→ WORK INSTRUCTION
Return exactly those lines of the material below that fall between the line holding "Weelicious: One Family. One Meal" and the line holding "Alt text 2: A", inclusive.

→ DATA
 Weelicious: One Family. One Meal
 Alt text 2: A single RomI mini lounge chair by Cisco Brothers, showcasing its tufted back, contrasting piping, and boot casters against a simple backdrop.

...

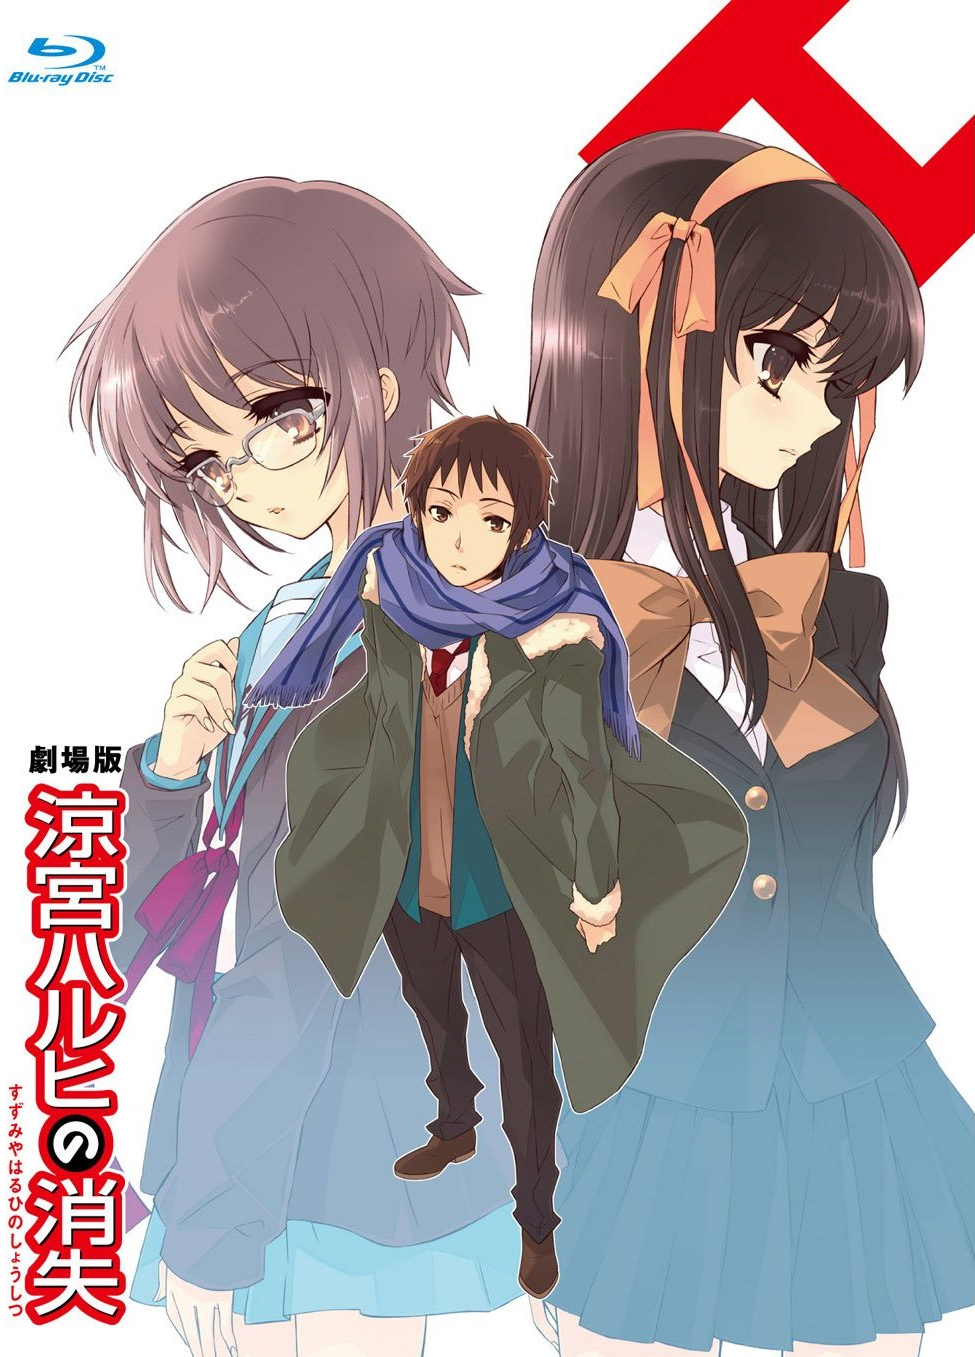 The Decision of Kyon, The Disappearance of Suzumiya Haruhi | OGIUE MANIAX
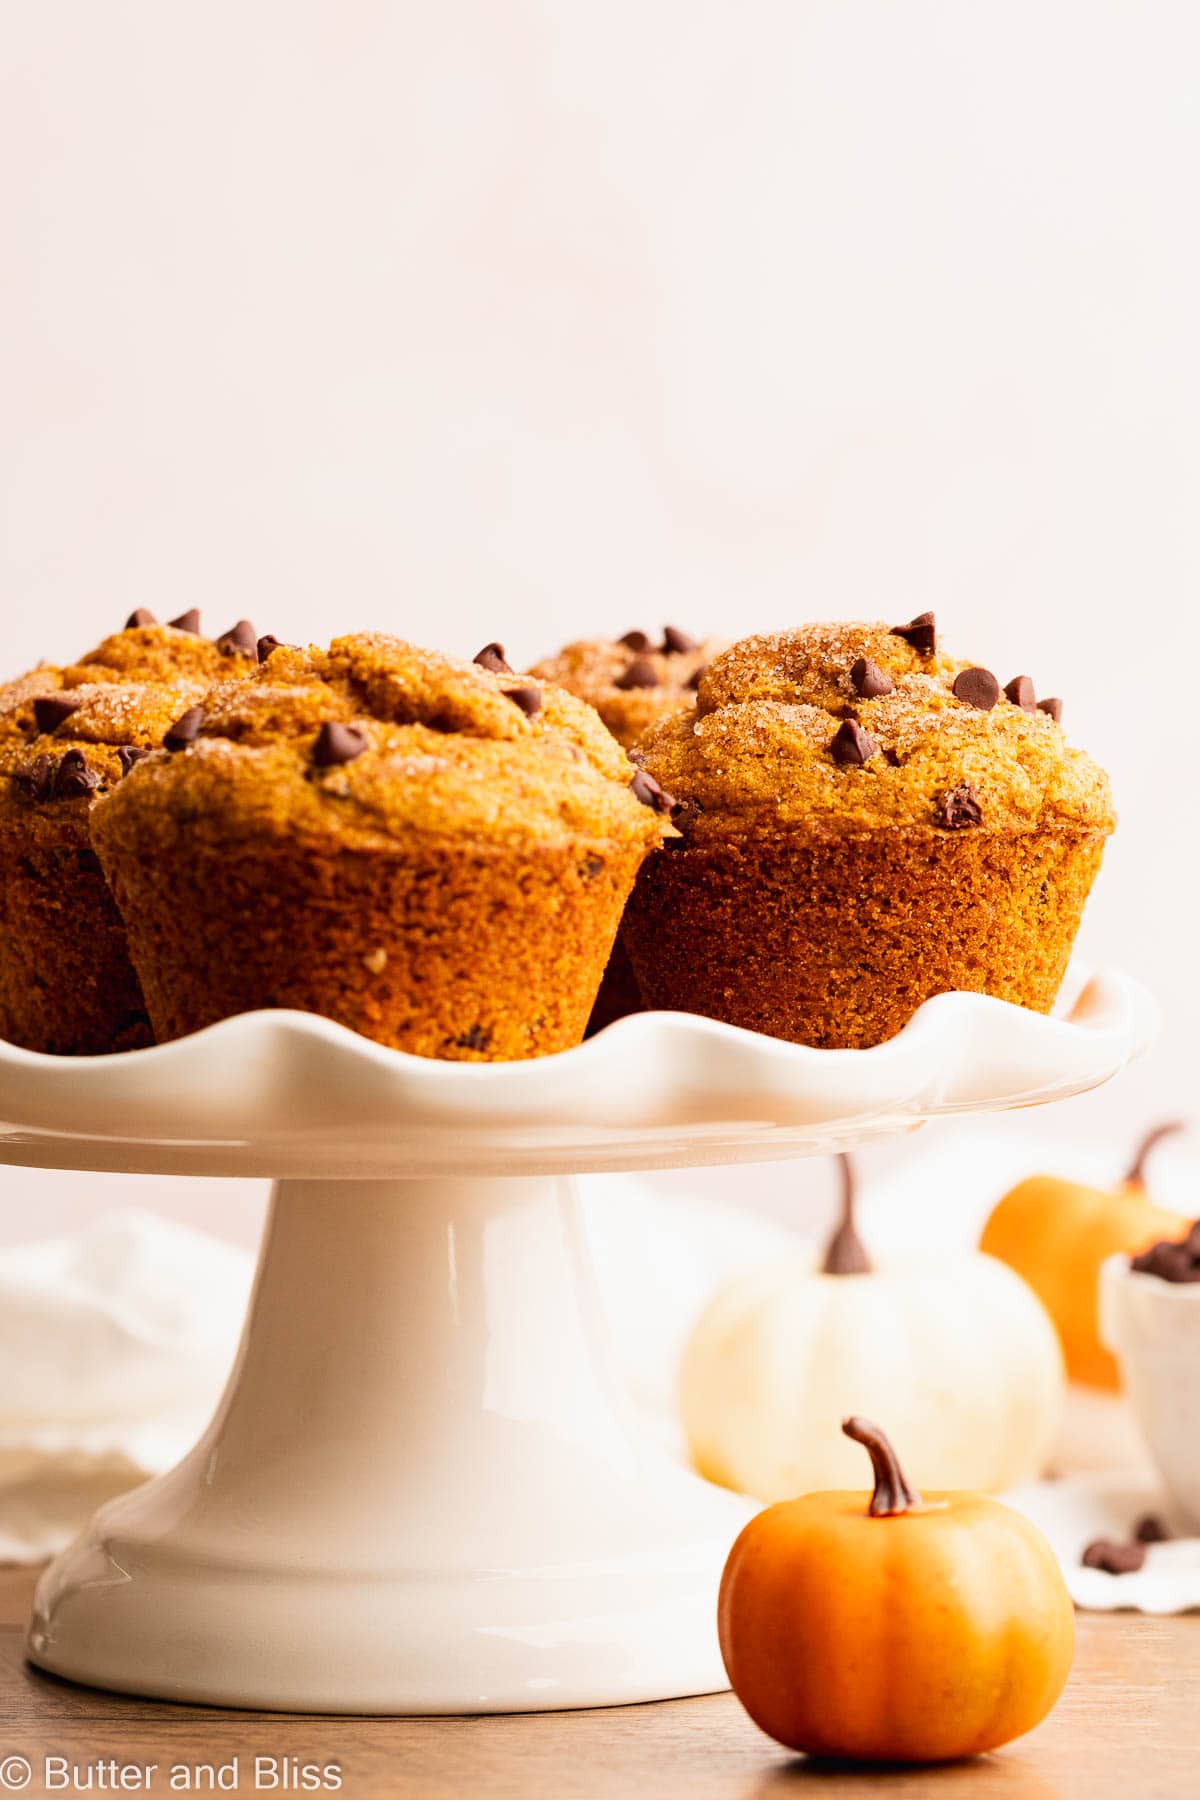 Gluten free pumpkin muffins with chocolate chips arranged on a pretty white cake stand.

--

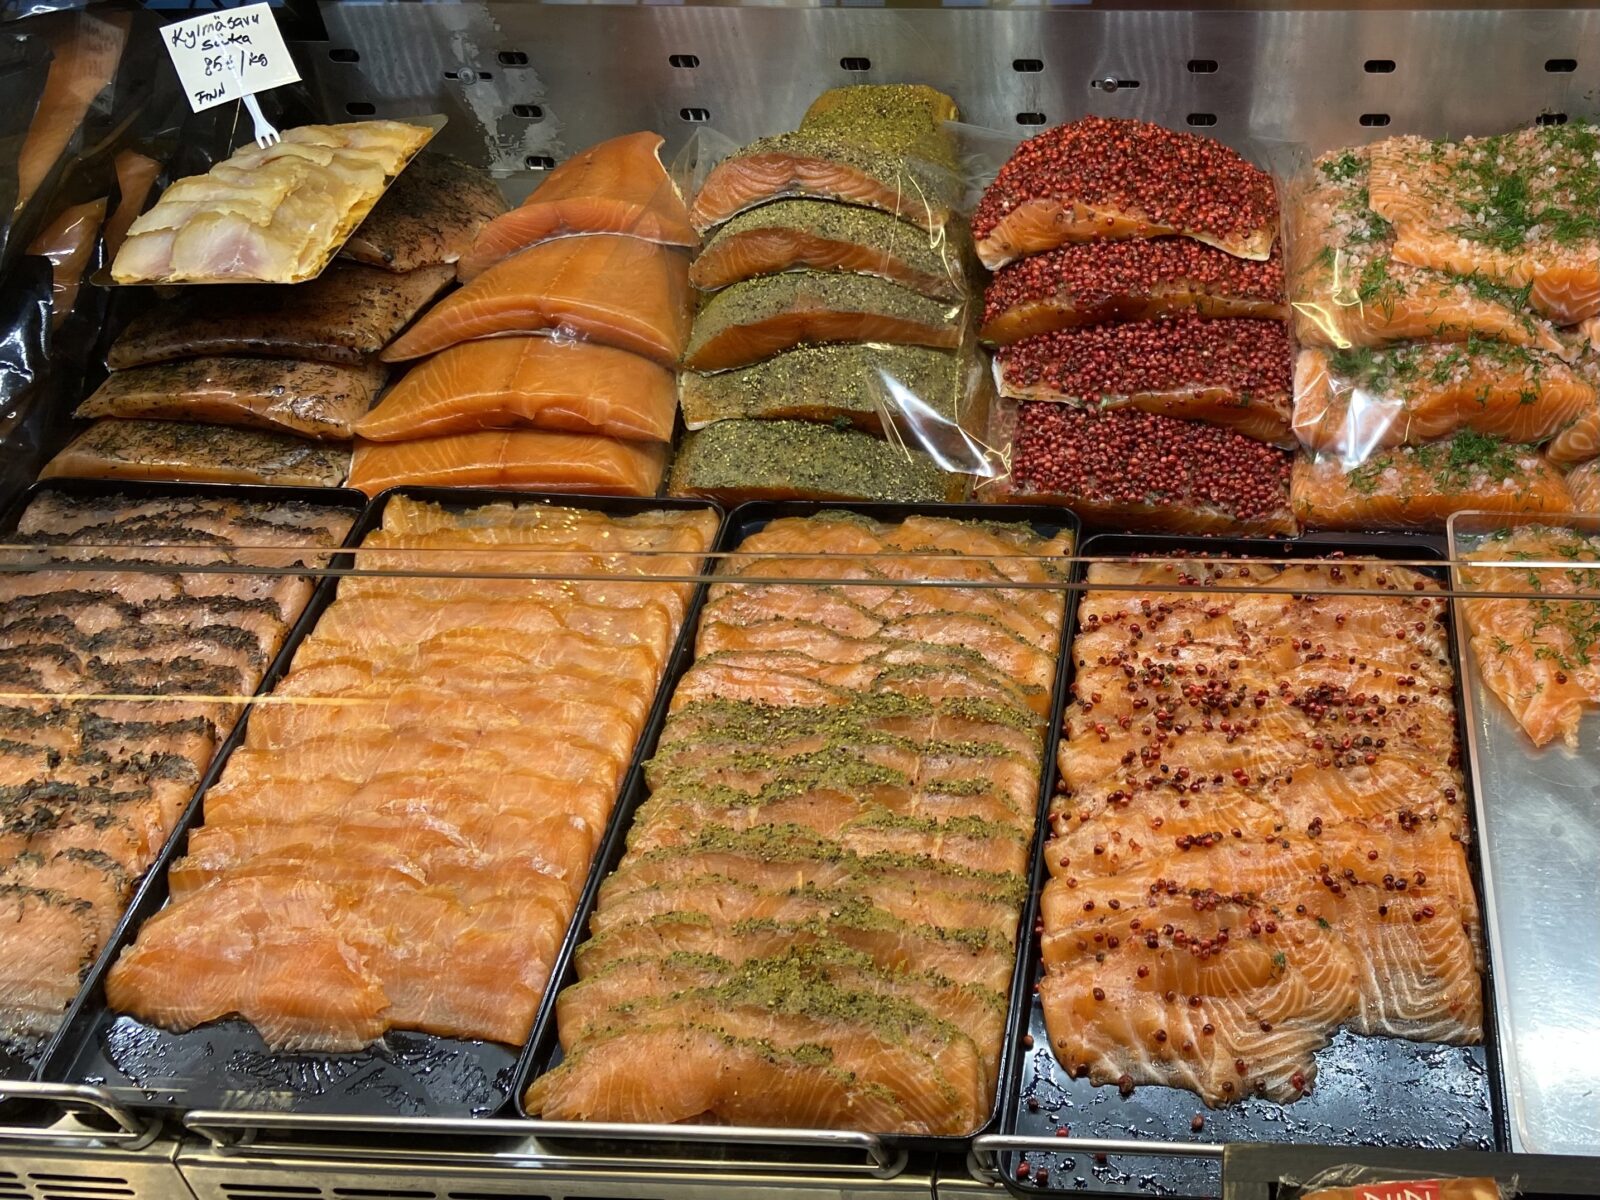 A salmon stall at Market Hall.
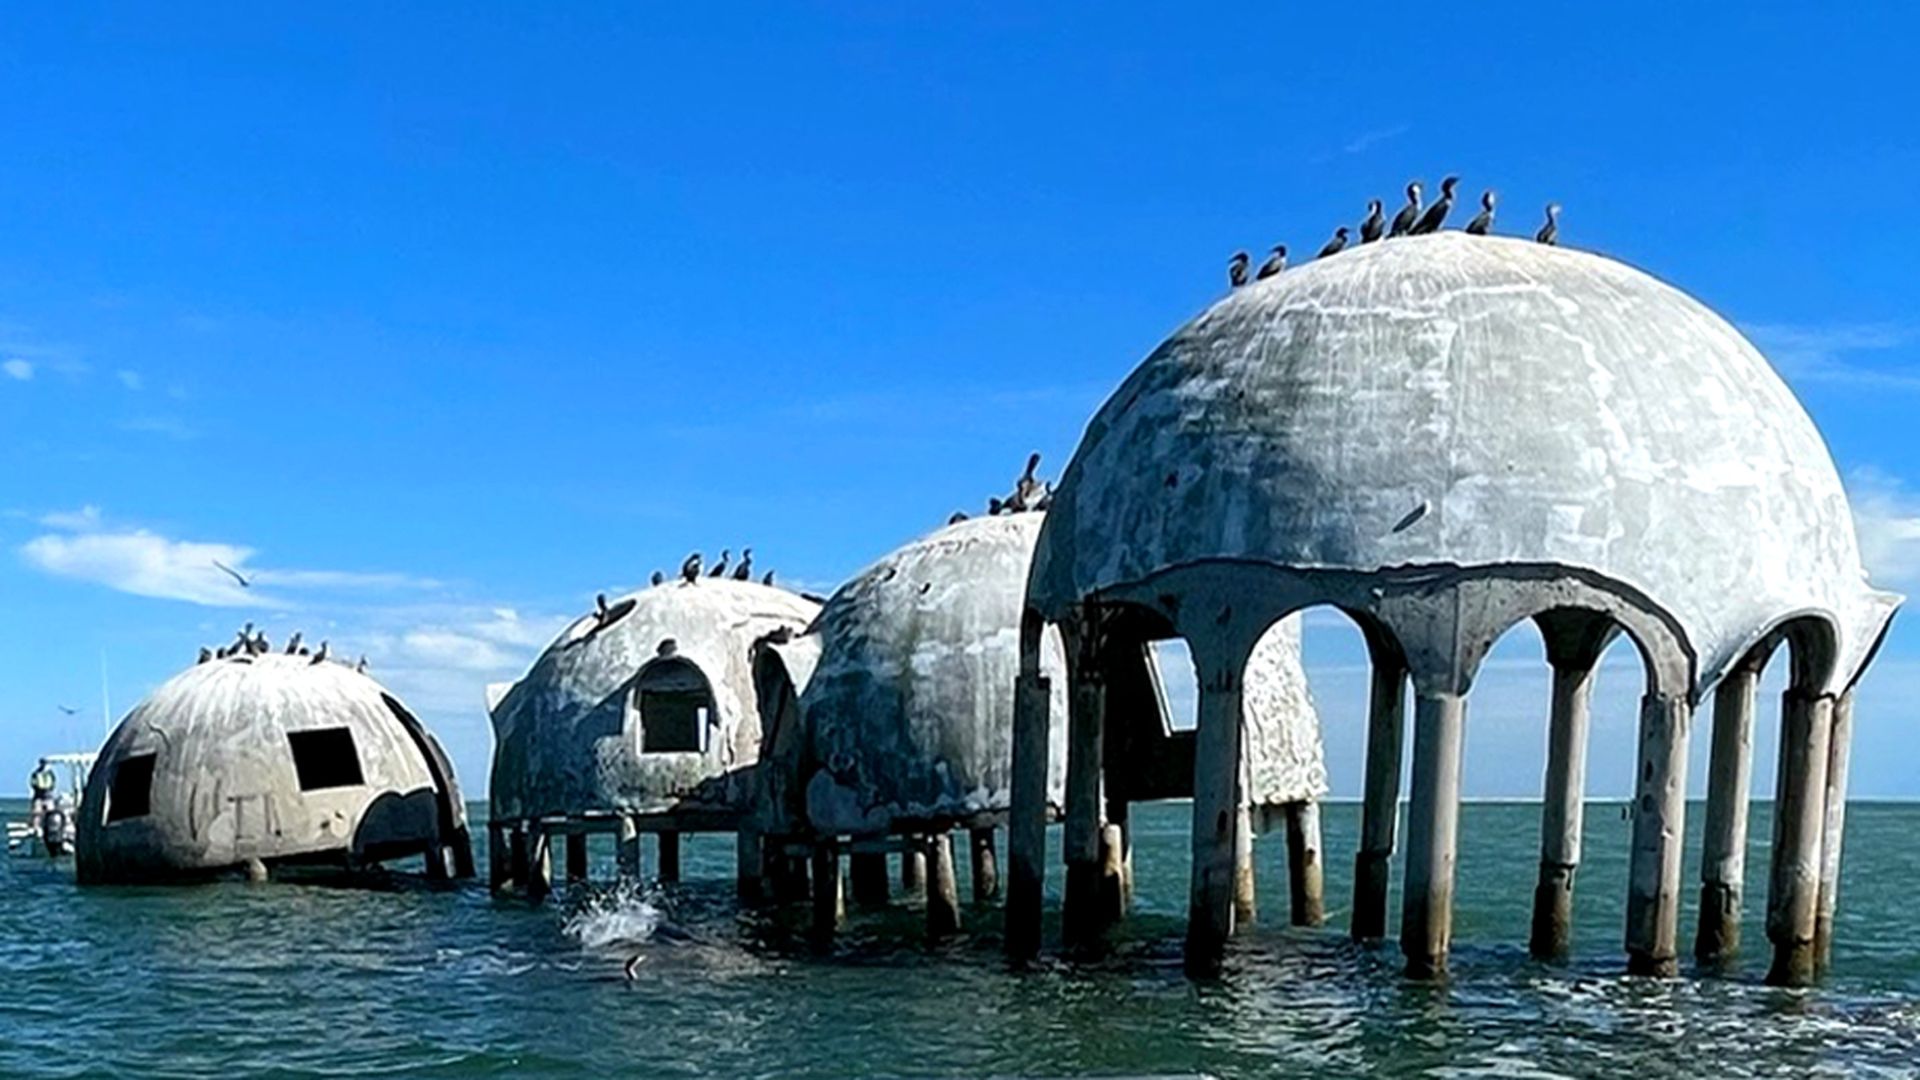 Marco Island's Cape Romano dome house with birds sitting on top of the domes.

→ EXERCISE RESULT
 Weelicious: One Family. One Meal
 Alt text 2: A single RomI mini lounge chair by Cisco Brothers, showcasing its tufted back, contrasting piping, and boot casters against a simple backdrop.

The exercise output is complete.